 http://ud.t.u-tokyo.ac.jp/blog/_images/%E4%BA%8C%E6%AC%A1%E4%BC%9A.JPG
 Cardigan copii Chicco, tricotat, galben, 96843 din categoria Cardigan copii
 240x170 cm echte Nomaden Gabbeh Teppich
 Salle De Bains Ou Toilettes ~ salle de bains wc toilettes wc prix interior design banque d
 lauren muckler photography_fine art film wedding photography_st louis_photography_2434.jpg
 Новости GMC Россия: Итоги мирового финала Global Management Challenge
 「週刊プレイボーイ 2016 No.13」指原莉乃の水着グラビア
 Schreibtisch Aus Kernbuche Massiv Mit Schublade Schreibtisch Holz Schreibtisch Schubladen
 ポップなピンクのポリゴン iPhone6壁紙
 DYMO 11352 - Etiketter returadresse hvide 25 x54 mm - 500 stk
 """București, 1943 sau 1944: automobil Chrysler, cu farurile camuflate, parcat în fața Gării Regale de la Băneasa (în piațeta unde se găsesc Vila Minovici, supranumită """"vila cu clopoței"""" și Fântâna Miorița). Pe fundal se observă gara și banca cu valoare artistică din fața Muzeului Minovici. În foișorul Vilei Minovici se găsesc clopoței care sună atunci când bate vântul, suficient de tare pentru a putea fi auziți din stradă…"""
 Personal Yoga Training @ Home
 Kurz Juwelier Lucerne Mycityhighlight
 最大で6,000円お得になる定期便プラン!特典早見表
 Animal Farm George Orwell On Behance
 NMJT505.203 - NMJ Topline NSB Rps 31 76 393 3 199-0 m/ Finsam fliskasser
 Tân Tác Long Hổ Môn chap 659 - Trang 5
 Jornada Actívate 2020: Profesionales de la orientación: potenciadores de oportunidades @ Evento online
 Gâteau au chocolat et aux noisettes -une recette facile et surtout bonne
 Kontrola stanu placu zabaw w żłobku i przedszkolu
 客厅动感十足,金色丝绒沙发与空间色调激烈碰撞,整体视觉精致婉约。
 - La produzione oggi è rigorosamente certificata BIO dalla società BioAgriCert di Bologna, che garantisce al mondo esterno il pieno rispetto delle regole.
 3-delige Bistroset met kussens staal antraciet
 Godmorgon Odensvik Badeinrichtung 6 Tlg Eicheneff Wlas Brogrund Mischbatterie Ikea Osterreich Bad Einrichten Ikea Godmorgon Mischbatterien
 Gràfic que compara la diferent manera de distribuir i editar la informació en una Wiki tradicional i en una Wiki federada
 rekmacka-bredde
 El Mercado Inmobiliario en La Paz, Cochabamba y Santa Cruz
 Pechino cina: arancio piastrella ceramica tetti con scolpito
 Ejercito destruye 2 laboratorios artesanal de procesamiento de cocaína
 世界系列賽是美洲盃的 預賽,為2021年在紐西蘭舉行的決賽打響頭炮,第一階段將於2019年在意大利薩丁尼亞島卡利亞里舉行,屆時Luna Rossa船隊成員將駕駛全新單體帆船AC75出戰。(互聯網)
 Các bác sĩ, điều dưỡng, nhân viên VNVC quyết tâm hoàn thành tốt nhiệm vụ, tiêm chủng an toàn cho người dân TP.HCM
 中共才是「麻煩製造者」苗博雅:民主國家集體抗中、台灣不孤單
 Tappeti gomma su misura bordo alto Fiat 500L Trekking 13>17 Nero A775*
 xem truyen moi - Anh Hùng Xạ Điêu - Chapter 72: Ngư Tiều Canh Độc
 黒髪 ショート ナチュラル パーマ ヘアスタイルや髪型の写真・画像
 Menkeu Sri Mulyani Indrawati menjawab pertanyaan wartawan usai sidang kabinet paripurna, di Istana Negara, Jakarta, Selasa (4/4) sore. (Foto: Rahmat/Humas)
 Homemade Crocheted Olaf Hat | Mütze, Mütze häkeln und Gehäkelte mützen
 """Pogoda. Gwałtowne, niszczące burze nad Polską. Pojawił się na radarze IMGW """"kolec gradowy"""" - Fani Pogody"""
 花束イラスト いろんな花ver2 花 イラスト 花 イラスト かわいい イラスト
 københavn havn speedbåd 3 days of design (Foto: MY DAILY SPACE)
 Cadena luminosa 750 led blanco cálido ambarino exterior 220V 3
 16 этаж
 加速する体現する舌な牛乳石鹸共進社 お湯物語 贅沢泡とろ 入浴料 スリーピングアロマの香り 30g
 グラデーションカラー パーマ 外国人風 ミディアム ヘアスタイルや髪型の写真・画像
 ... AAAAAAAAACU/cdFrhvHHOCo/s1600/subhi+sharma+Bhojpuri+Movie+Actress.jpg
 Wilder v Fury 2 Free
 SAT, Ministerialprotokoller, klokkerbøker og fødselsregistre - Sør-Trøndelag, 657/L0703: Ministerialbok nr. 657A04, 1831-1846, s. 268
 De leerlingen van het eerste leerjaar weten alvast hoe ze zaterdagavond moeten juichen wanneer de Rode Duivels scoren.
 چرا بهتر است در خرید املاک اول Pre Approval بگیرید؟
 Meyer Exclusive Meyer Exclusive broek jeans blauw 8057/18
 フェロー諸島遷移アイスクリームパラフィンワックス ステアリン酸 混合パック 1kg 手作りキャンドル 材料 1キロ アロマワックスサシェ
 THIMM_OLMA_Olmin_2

What this task involves:
Return the entries above word for word.

Completed task:
 http://ud.t.u-tokyo.ac.jp/blog/_images/%E4%BA%8C%E6%AC%A1%E4%BC%9A.JPG
 Cardigan copii Chicco, tricotat, galben, 96843 din categoria Cardigan copii
 240x170 cm echte Nomaden Gabbeh Teppich
 Salle De Bains Ou Toilettes ~ salle de bains wc toilettes wc prix interior design banque d
 lauren muckler photography_fine art film wedding photography_st louis_photography_2434.jpg
 Новости GMC Россия: Итоги мирового финала Global Management Challenge
 「週刊プレイボーイ 2016 No.13」指原莉乃の水着グラビア
 Schreibtisch Aus Kernbuche Massiv Mit Schublade Schreibtisch Holz Schreibtisch Schubladen
 ポップなピンクのポリゴン iPhone6壁紙
 DYMO 11352 - Etiketter returadresse hvide 25 x54 mm - 500 stk
 """București, 1943 sau 1944: automobil Chrysler, cu farurile camuflate, parcat în fața Gării Regale de la Băneasa (în piațeta unde se găsesc Vila Minovici, supranumită """"vila cu clopoței"""" și Fântâna Miorița). Pe fundal se observă gara și banca cu valoare artistică din fața Muzeului Minovici. În foișorul Vilei Minovici se găsesc clopoței care sună atunci când bate vântul, suficient de tare pentru a putea fi auziți din stradă…"""
 Personal Yoga Training @ Home
 Kurz Juwelier Lucerne Mycityhighlight
 最大で6,000円お得になる定期便プラン!特典早見表
 Animal Farm George Orwell On Behance
 NMJT505.203 - NMJ Topline NSB Rps 31 76 393 3 199-0 m/ Finsam fliskasser
 Tân Tác Long Hổ Môn chap 659 - Trang 5
 Jornada Actívate 2020: Profesionales de la orientación: potenciadores de oportunidades @ Evento online
 Gâteau au chocolat et aux noisettes -une recette facile et surtout bonne
 Kontrola stanu placu zabaw w żłobku i przedszkolu
 客厅动感十足,金色丝绒沙发与空间色调激烈碰撞,整体视觉精致婉约。
 - La produzione oggi è rigorosamente certificata BIO dalla società BioAgriCert di Bologna, che garantisce al mondo esterno il pieno rispetto delle regole.
 3-delige Bistroset met kussens staal antraciet
 Godmorgon Odensvik Badeinrichtung 6 Tlg Eicheneff Wlas Brogrund Mischbatterie Ikea Osterreich Bad Einrichten Ikea Godmorgon Mischbatterien
 Gràfic que compara la diferent manera de distribuir i editar la informació en una Wiki tradicional i en una Wiki federada
 rekmacka-bredde
 El Mercado Inmobiliario en La Paz, Cochabamba y Santa Cruz
 Pechino cina: arancio piastrella ceramica tetti con scolpito
 Ejercito destruye 2 laboratorios artesanal de procesamiento de cocaína
 世界系列賽是美洲盃的 預賽,為2021年在紐西蘭舉行的決賽打響頭炮,第一階段將於2019年在意大利薩丁尼亞島卡利亞里舉行,屆時Luna Rossa船隊成員將駕駛全新單體帆船AC75出戰。(互聯網)
 Các bác sĩ, điều dưỡng, nhân viên VNVC quyết tâm hoàn thành tốt nhiệm vụ, tiêm chủng an toàn cho người dân TP.HCM
 中共才是「麻煩製造者」苗博雅:民主國家集體抗中、台灣不孤單
 Tappeti gomma su misura bordo alto Fiat 500L Trekking 13>17 Nero A775*
 xem truyen moi - Anh Hùng Xạ Điêu - Chapter 72: Ngư Tiều Canh Độc
 黒髪 ショート ナチュラル パーマ ヘアスタイルや髪型の写真・画像
 Menkeu Sri Mulyani Indrawati menjawab pertanyaan wartawan usai sidang kabinet paripurna, di Istana Negara, Jakarta, Selasa (4/4) sore. (Foto: Rahmat/Humas)
 Homemade Crocheted Olaf Hat | Mütze, Mütze häkeln und Gehäkelte mützen
 """Pogoda. Gwałtowne, niszczące burze nad Polską. Pojawił się na radarze IMGW """"kolec gradowy"""" - Fani Pogody"""
 花束イラスト いろんな花ver2 花 イラスト 花 イラスト かわいい イラスト
 københavn havn speedbåd 3 days of design (Foto: MY DAILY SPACE)
 Cadena luminosa 750 led blanco cálido ambarino exterior 220V 3
 16 этаж
 加速する体現する舌な牛乳石鹸共進社 お湯物語 贅沢泡とろ 入浴料 スリーピングアロマの香り 30g
 グラデーションカラー パーマ 外国人風 ミディアム ヘアスタイルや髪型の写真・画像
 ... AAAAAAAAACU/cdFrhvHHOCo/s1600/subhi+sharma+Bhojpuri+Movie+Actress.jpg
 Wilder v Fury 2 Free
 SAT, Ministerialprotokoller, klokkerbøker og fødselsregistre - Sør-Trøndelag, 657/L0703: Ministerialbok nr. 657A04, 1831-1846, s. 268
 De leerlingen van het eerste leerjaar weten alvast hoe ze zaterdagavond moeten juichen wanneer de Rode Duivels scoren.
 چرا بهتر است در خرید املاک اول Pre Approval بگیرید؟
 Meyer Exclusive Meyer Exclusive broek jeans blauw 8057/18
 フェロー諸島遷移アイスクリームパラフィンワックス ステアリン酸 混合パック 1kg 手作りキャンドル 材料 1キロ アロマワックスサシェ
 THIMM_OLMA_Olmin_2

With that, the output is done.